This package contains various statistical methods that operate on distance matrices, often relating distances (e.g., community distances) to categorical and/or continuous variables of interest (e.g., gender or age). Methods are also provided for comparing distance matrices (e.g., computing the correlation between two or more distance matrices using the Mantel test).

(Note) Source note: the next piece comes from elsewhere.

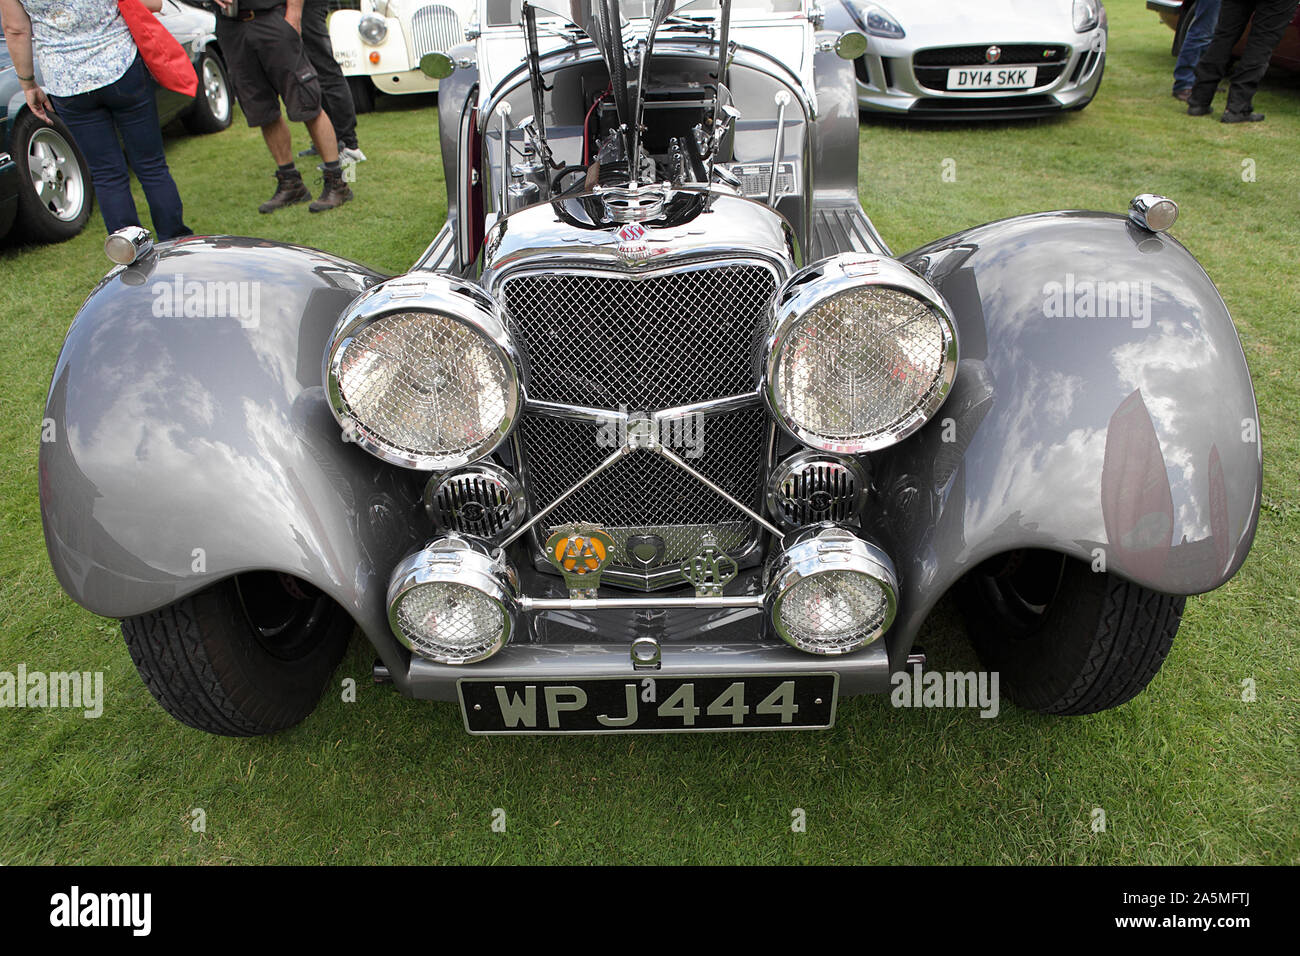 Vu ici, c'est un Jaguar SS kit car (1 de 5 images), exposées à un rallye de voitures anciennes dans le Shropshire, en Angleterre. Banque D'Images

ANOSIM(distance_matrix, grouping[, column]) |
ANOSIM statistical method executor. |

PERMANOVA(distance_matrix, grouping[, column]) |
PERMANOVA statistical method executor. |

CategoricalStatsResults(short_method_name, ...) |
Statistical method results container. |

bioenv(distance_matrix, data_frame[, columns]) |
Find subset of variables maximally correlated with distances. |

mantel(x, y[, method, permutations, alternative]) |
Compute correlation between distance matrices using the Mantel test. |

pwmantel(dms[, labels, strict, lookup, ...]) |
Run Mantel tests for every pair of distance matrices. |

Load a 4x4 distance matrix and grouping vector denoting 2 groups of objects. Note that these statistical methods require symmetric distances:

```
>>> from skbio.core.distance import DistanceMatrix
>>> dm = DistanceMatrix([[0, 1, 1, 4],
... [1, 0, 3, 2],
... [1, 3, 0, 3],
... [4, 2, 3, 0]],
... ['s1', 's2', 's3', 's4'])
>>> grouping = ['Group1', 'Group1', 'Group2', 'Group2']
```

Create an ANOSIM instance and run the method with 99 permutations:

```
>>> import numpy as np
>>> np.random.seed(0) # Make output deterministic; not necessary for normal use
>>> from skbio.math.stats.distance import ANOSIM
>>> anosim = ANOSIM(dm, grouping)
>>> results = anosim(99)
>>> print results
Method name Sample size Number of groups R statistic p-value Number of permutations
ANOSIM 4 2 0.25 0.67 99
```

It is possible to rerun a method using an existing instance. Rerun ANOSIM with 999 permutations this time. Note that we obtain the same R statistic as before:

```
>>> results = anosim(999)
>>> print results
Method name Sample size Number of groups R statistic p-value Number of permutations
ANOSIM 4 2 0.25 0.667 999
```

To suppress calculation of the p-value and only obtain the R statistic, specify zero permutations:

```
>>> results = anosim(0)
>>> print results
Method name Sample size Number of groups R statistic p-value Number of permutations
ANOSIM 4 2 0.25 N/A 0
```

A statistical results object can also format its results as delimited text. This is useful, for example, if you want to view the results in a spreadsheet program such as Excel:

```
>>> print results.summary(delimiter=',')
Method name,Sample size,Number of groups,R statistic,p-value,Number of permutations
ANOSIM,4,2,0.25,N/A,0
```

Individual values of the results can be accessed via the attributes of the
`CategoricalStatsResults` class:

```
>>> results.statistic
0.25
>>> print results.p_value
None
>>> results.permutations
0
```

You can also provide a `pandas.DataFrame` and a column denoting the grouping
instead of a grouping vector. The following data frame’s `Group` column
specifies the same grouping as the vector we used in all of the previous
examples:

```
>>> np.random.seed(0) # Make output deterministic; not necessary for normal use
>>> import pandas as pd
>>> df = pd.DataFrame.from_dict(
... {'Group': {'s2': 'Group1', 's3': 'Group2', 's4': 'Group2',
... 's5': 'Group3', 's1': 'Group1'}})
>>> anosim = ANOSIM(dm, df, column='Group')
>>> results = anosim(99)
>>> print results
Method name Sample size Number of groups R statistic p-value Number of permutations
ANOSIM 4 2 0.25 0.67 99
```

The results match the results we saw in the first example above.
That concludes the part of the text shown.